The Bear, la recensione della prima stagione
The Bear è una serie incredibile perché riesce a trovare una sua originalità all'interno dell'inflazionato mondo della cucina, che qui è invece solo lo spunto per raccontare un'intero ecosistema sociale e singoli drammi che prescindono da qualsiasi preparazione.
La recensione di The Bear, disponibile su Disney+ dal 5 ottobre
Costruito dallo showrunner Christopher Storer come una miniserie da otto puntate di circa mezz’ora ciascuna, The Bear trova il suo tirante narrativo proprio in quello che non si vede: l’antefatto. Quale sia stato il percorso di ascesa di Carmy e perché si trovi invece ora a The Beef (quindi il declino è già in atto) rinunciando a tanto è la domanda che tira avanti la storia con una brillantezza di scrittura mozzafiato: asciutta, sempre attenta a misurare i pesi di ogni piccola rivelazione e a bilanciare i drammi dei vari personaggi e i loro archi narrativi disseminandoli via via per le diverse puntate. Proprio con la calma di chi, sapendo che in cucina ci vuole tantissima tecnica e altrettanta pazienza, riserva ad ogni ingrediente (qui narrativo) il giusto tempo per essere inserito senza rovinare l’armonia dell’intera pietanza.
Dentro una cucina dove il cibo è solo un pretesto
Seppure The Bear sia ambientato totalmente dento ad un locale, o meglio all’interno della sua cucina (praticamente non vediamo mai i clienti, né le loro reazioni ai piatti) e sia scandito dai tempi di preparazione dei servizi, la serie non parla di cibo ma di relazioni umane. In questo stupefacente dramma relazionale condito qua e là da momenti di commedia - dati dall’umorismo cinico e dalla spavalderia dei personaggi - ci sono sì diversi piatti che ricorrono nelle puntate o che delle puntate si fanno elementi narrativi necessari: eppure Christopher Storer usa il cibo o come specchio delle aspirazioni dei personaggi (come Marcus, lo chef che si occupa dei dolci, che si fissa a voler fare la ciambella perfetta perché aspira ad elevarsi) o come indizi nascosti necessari al compimento della trama.

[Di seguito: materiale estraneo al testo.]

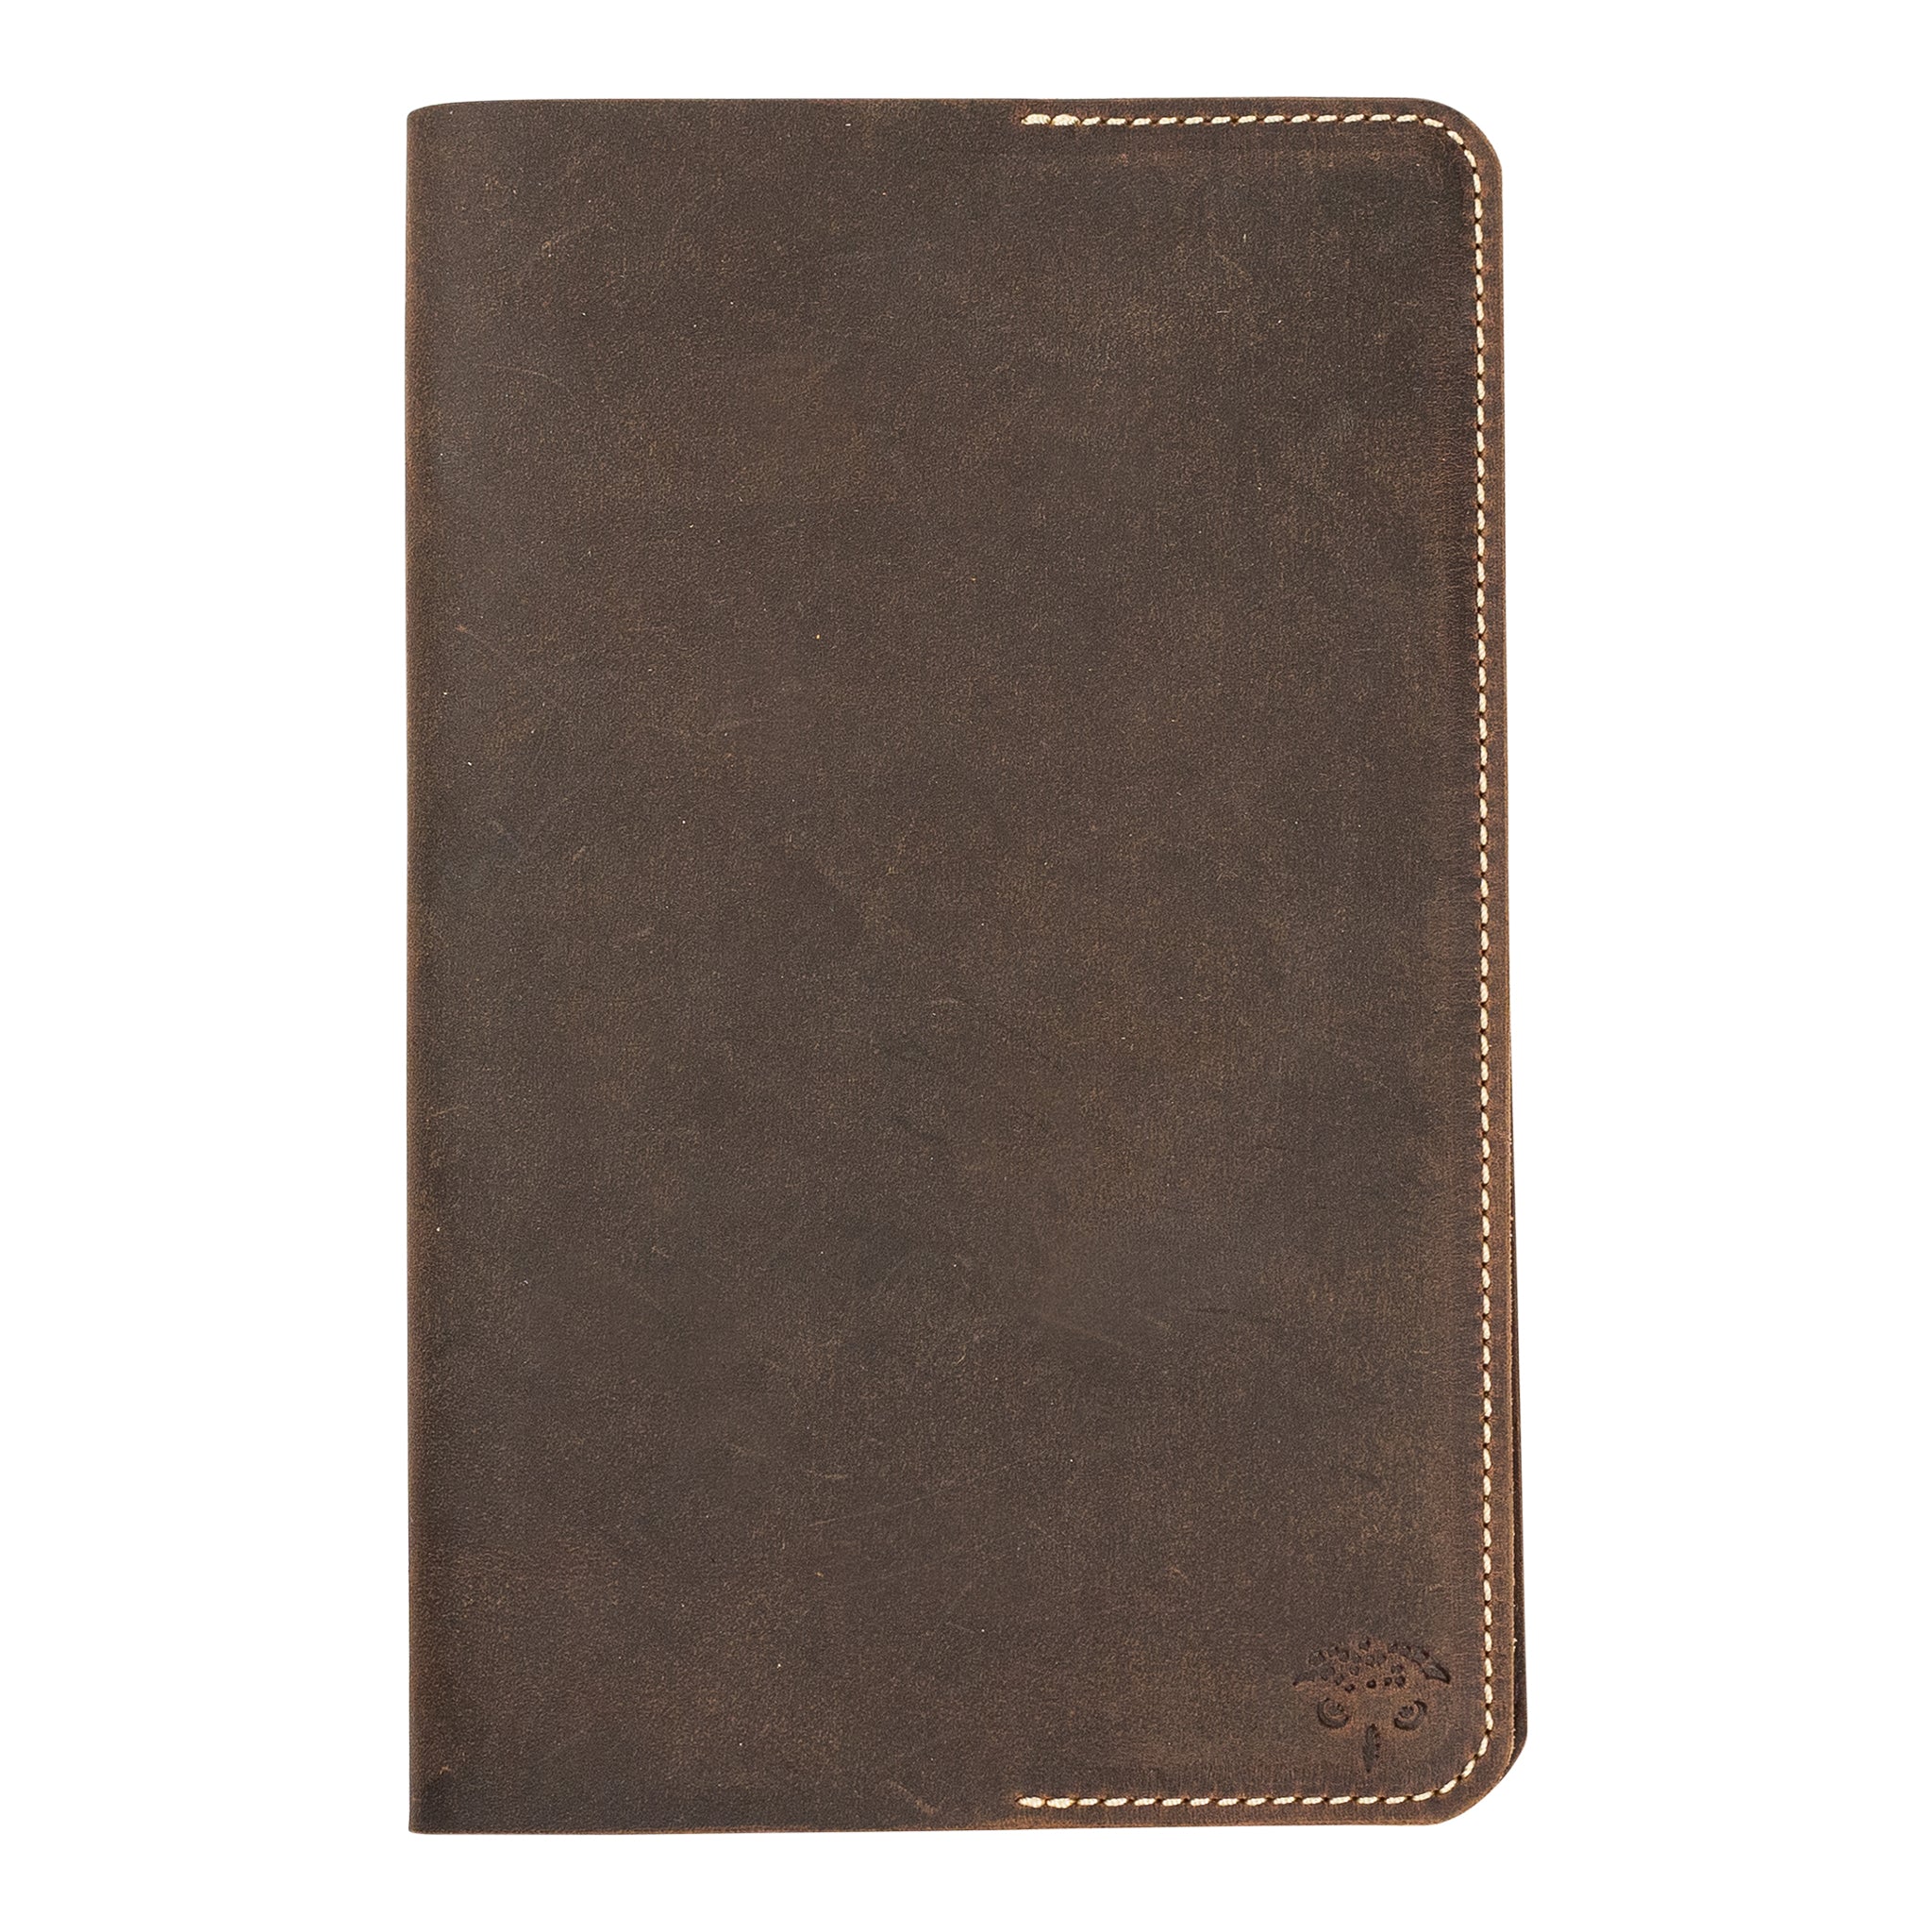 Field Notebook (Hemlock Brown)

Il tutto con un montaggio ritmato scandito da musica rock alternativa (Wilco, Pearl Jam, Radiohead…) che trova la sua bellissima armonia nell’essere un continuo scontrarsi di corpi e fisicità (bisogna urlare “angolo!” quando si passa dietro a qualcuno) e di personalità eclettiche. Insomma l'impressione di essere dentro The Beef è quasi epidermica, prende tutti i sensi. E noi, come i personaggi, vorremmo averne sempre di più.
Una ciurma alla deriva
L’arena di The Bear è composta da personaggi con diversi gradi di conflitto. Da quelli che fungono da puro sfondo e fanno colore (come il grosso lavapiatti e l’aggiustatutto) con diversi gradi di intensità si arriva a quelli principali, che ovviamente prendono più spazio. Oltre al protagonista Carmy hanno infatti un grande peso il personaggio di Richie (Ebon Moss-Bachrach), detto “cugino”, un nostalgico dei vecchi tempi che dietro un atteggiamento spaccone nasconde molto altro, e la giovane neo-assunta Sydney (Ayo Edebiri), una giovane chef determinata e piena di idee che spesso si fa prendere troppo la mano. I loro conflitti vengono però diluiti nel tempo (di ognuno scopriamo qualche pezzettino ad ogni puntata), mantenendo sempre alta l’attenzione e la curiosità nei loro confronti. Tutte le performance, a partire da quella di Allen White, hanno la naturalezza che li rende più persone reali più che personaggi: che sia con dei tic, dei movimenti o dei modi di dire, tutti quanti hanno una tridimensionalità invidiabile, soprattutto Ebon Moss-Bachrach, che dal conflitto estremo del suo personaggio riesce a trarre il massimo dell'espressività.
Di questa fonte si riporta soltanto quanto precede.